Triadic Communication – Interactions that involve three parties, often th… #

Triadic Communication – Interactions that involve three parties, often the patient, a family member, and the clinician, requiring balanced attention to each voice.

Explanation #

Managing triadic dynamics helps prevent dominance by one participant and ensures the patient’s wishes remain central.

Example #

When a spouse insists on aggressive treatment contrary to the patient’s expressed desire for comfort‑only care, the clinician facilitates a respectful dialogue that honors the patient’s autonomy.

Practical application #

Set ground rules, address each person directly, and summarize agreements.

Challenges #

Power imbalances, emotional volatility, and cultural expectations of collective decision‑making.

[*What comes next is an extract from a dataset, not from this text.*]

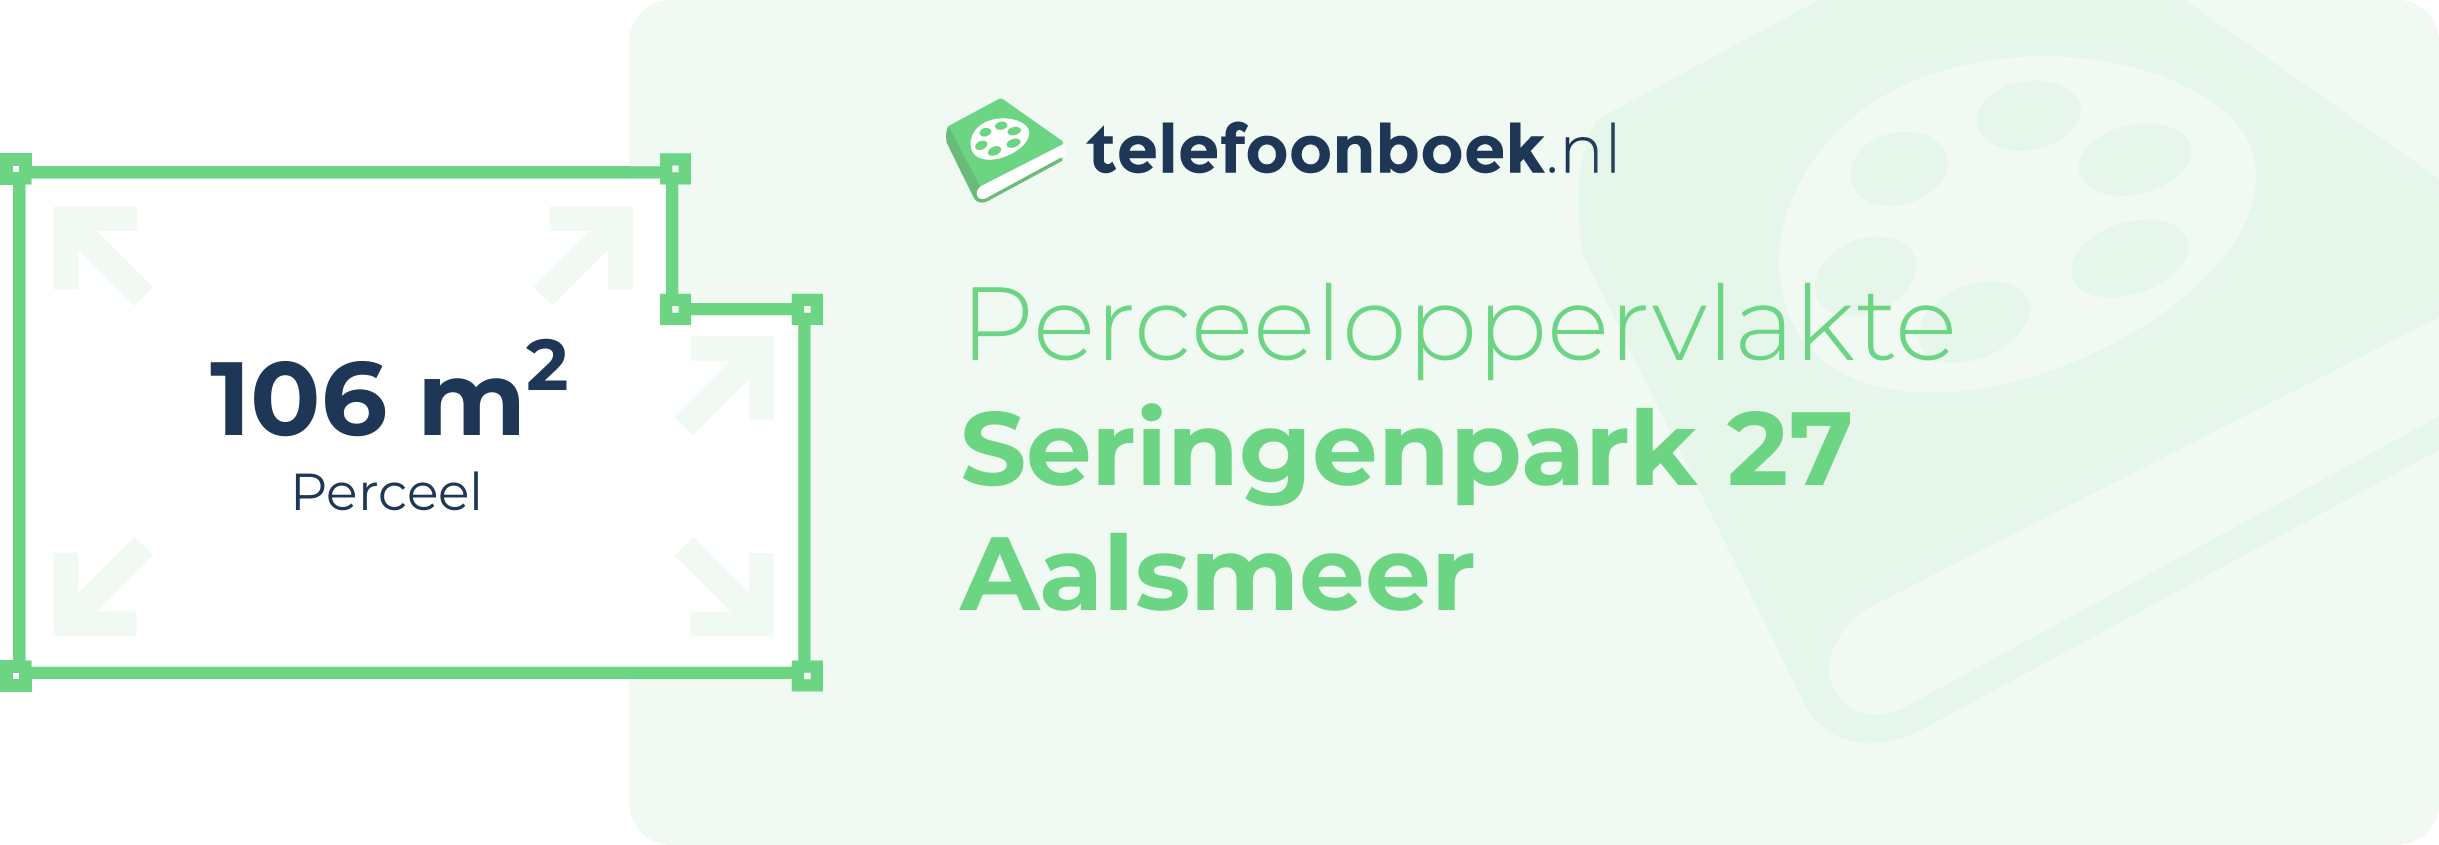 Perceeloppervlakte Seringenpark 27 Aalsmeer

Verbal Communication – The use of spoken words to convey information, emo… #

Verbal Communication – The use of spoken words to convey information, emotions, and intentions.

Explanation #

In palliative oral health, clear articulation of procedures, risks, and expectations reduces anxiety and improves cooperation.

Example #

Explaining the steps of a dental extraction in simple language: “We will numb the area, gently remove the tooth, and then place a small dressing.”

Practical application #

Use plain language, avoid medical jargon, and pause for questions.

Challenges #

Language barriers, hearing impairment, and patient fatigue affecting comprehension.

Whole‑Person Care – An integrative approach that addresses physical, emot… #

Whole‑Person Care – An integrative approach that addresses physical, emotional, social, and spiritual dimensions of health.

Explanation #

Communication that acknowledges all facets of a patient’s experience promotes dignity and reduces suffering at the end of life.

Example #

Discussing not only oral pain relief but also the patient’s fear of losing independence and their spiritual need for peace.

Practical application #

Conduct comprehensive assessments that include questions about mood, support networks, and spiritual beliefs.

Challenges #

Limited appointment time, insufficient interdisciplinary coordination, and provider discomfort with non‑clinical topics.